Using the time dilation formula $\Delta t_{moving} = \gamma \Delta \tau$, for every $\Delta \tau = \text{1 year}$ that passes aboard the spaceship, 22 years would’ve passed on Earth! This means that if you were to take a round trip with the spacecraft and travel a year, you could in principle travel to 22 years in the future!

Likewise, using the length contraction formula $\Delta L_{moving} = L_{proper}/\gamma$, you would measure the Earth’s equatorial radius of $R_\oplus = \text{6378 km}$ as just 290 km. Crucially, this is only in the $x$ direction; the distance along the vertical direction is unchanged, so the Earth would appear to have an oval-like shape.
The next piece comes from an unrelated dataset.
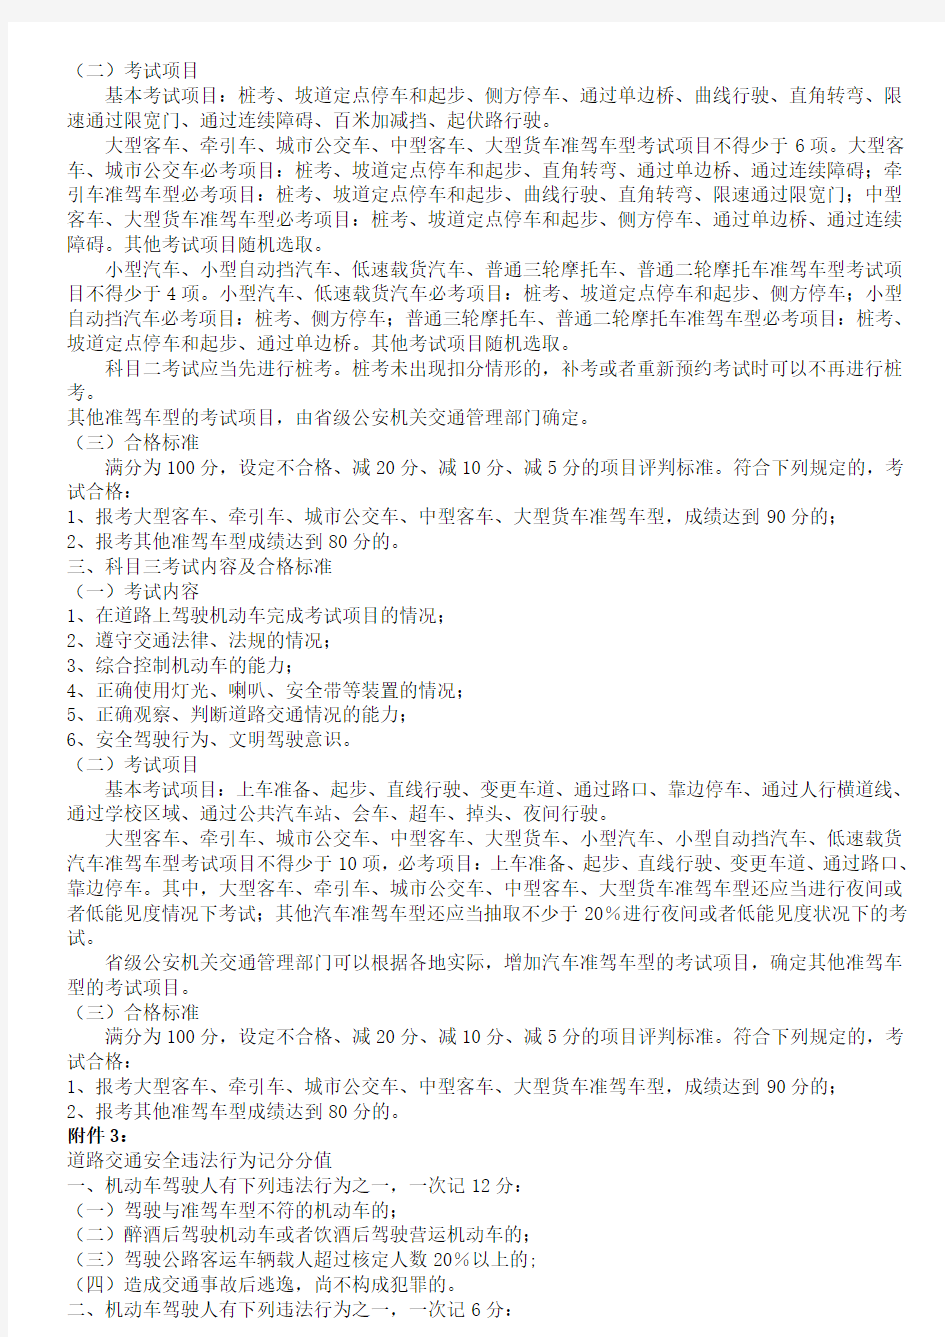 《中华人民共和国机动车驾驶证申领和使用规定》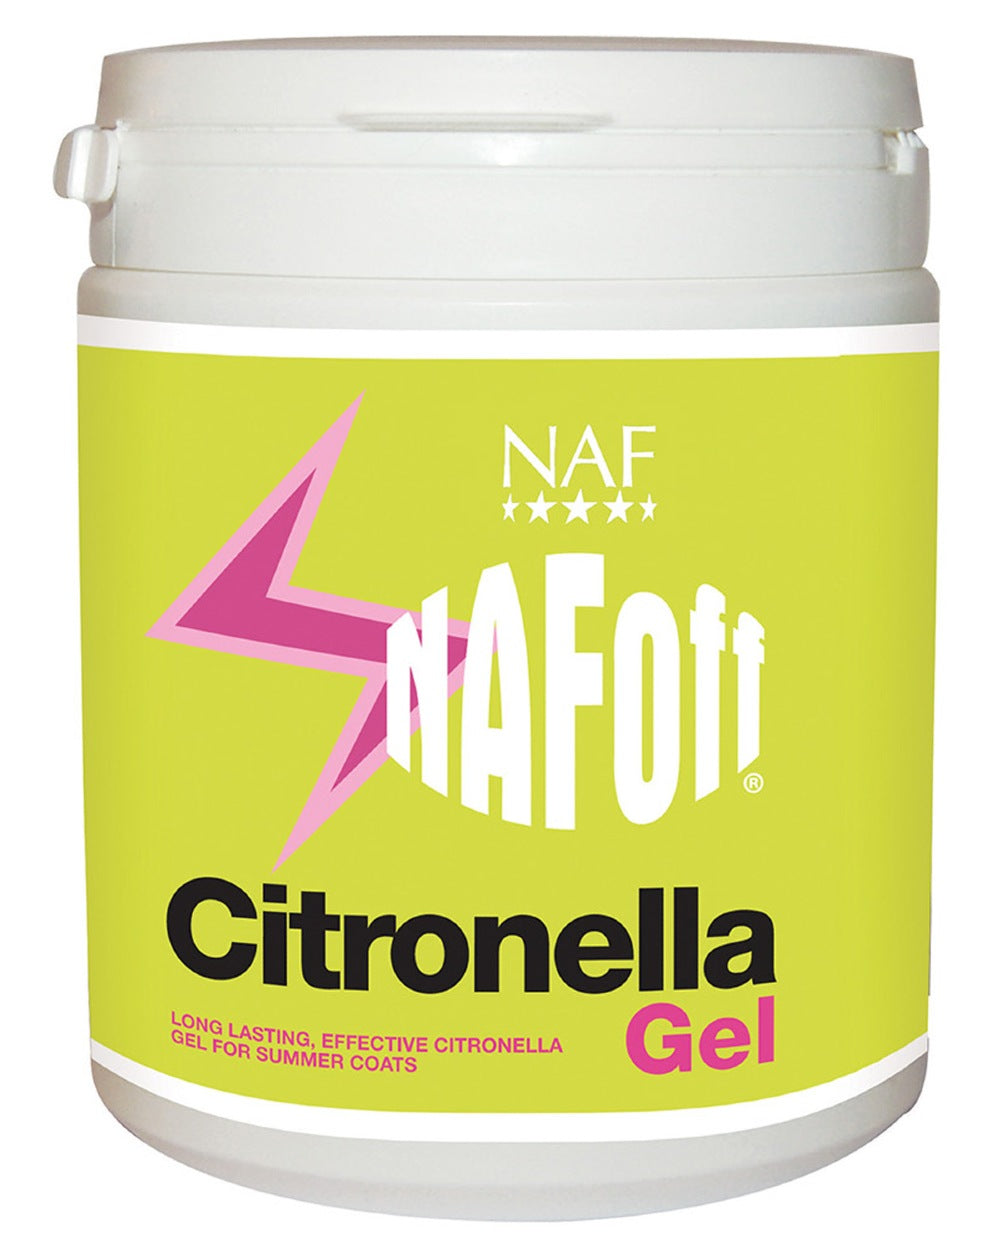 NAF Off Citronella Gel 750g on white background

The results of relativistic length contraction and time dilation have also been demonstrated here on Earth by another phenomenon: the decay of elementary particles. Specifically, an unstable particle known as the muon is found in large quantities on Earth’s surface. This would be highly unusual, considering that the muon’s lifetime is only around 2.2 microseconds, meaning that Newtonian mechanics predicts that even extremely fast-moving muons would’ve decayed in the upper atmosphere before they ever got a chance to reach Earth’s surface.

Note: Particle decay is a random process. The amount of particles left a certain time $t$ is given by $e^{-t/\tau_p}$, where $\tau_p$ is the lifetime of the particle.

This mystery is resolved by special relativity. As the muons travel close to the speed of light, from their reference frame, the height of the atmosphere is contracted and they “see” clocks on Earth ticking more slowly than an equivalent clock in their reference frame. Assuming, for instance, that the muons were moving at $v = 0.99999c$; they would therefore see the height of the atmosphere contracted by 223 times(!), shortening the distance they must travel to reach the ground. This means that — to the muon at least — the Earth’s 100 km atmosphere is only around 400 m in their rest frame.

Now, the muon’s lifetime doesn’t magically change — in a clock within the muon’s rest frame, the lifetime of the muons is still 2.2 microseconds. But since the muons move so insanely fast, they can cover the much shorter distance of (around) 400 m in just 1.5 microseconds, allowing them to reach the Earth’s surface before decaying. This comes purely as a result of length contraction!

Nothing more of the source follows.